DATA FOR THIS EXERCISE
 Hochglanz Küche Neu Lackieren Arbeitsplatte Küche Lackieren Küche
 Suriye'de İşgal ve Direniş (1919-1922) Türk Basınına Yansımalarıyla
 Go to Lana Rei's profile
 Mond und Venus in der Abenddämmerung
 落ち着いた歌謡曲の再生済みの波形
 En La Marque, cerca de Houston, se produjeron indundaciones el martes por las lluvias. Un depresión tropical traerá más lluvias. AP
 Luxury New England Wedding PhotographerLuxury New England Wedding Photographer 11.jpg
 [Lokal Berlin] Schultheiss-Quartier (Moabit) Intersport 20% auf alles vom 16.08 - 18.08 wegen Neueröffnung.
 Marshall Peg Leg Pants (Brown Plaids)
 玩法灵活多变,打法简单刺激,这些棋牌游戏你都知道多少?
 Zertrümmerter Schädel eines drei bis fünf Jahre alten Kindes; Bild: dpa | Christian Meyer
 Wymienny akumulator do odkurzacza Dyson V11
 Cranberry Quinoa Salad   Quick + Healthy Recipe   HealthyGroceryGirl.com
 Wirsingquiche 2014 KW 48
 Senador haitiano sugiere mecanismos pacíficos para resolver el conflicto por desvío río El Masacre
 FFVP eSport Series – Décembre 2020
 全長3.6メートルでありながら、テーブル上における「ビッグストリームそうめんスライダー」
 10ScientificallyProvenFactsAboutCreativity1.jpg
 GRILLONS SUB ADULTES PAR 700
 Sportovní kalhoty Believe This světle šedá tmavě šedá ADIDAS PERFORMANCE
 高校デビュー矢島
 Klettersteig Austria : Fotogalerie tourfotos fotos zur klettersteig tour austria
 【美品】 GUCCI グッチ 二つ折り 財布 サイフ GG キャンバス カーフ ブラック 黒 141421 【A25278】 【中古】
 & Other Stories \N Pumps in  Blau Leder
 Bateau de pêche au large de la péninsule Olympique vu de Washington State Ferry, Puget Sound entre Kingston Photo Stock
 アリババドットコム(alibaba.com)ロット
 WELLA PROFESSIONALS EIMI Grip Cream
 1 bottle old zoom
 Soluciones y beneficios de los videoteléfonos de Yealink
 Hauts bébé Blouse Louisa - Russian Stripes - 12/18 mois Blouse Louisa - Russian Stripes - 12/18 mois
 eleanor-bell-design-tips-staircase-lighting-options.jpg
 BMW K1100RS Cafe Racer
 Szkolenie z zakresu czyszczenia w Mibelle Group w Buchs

WHAT THE EXERCISE ASKS
All that is wanted is the stretch of lines above from the one containing "Suriye'de İşgal ve" through the one containing "En La Marque, cerca", duplicated exactly.

FINISHED TASK
 Suriye'de İşgal ve Direniş (1919-1922) Türk Basınına Yansımalarıyla
 Go to Lana Rei's profile
 Mond und Venus in der Abenddämmerung
 落ち着いた歌謡曲の再生済みの波形
 En La Marque, cerca de Houston, se produjeron indundaciones el martes por las lluvias. Un depresión tropical traerá más lluvias. AP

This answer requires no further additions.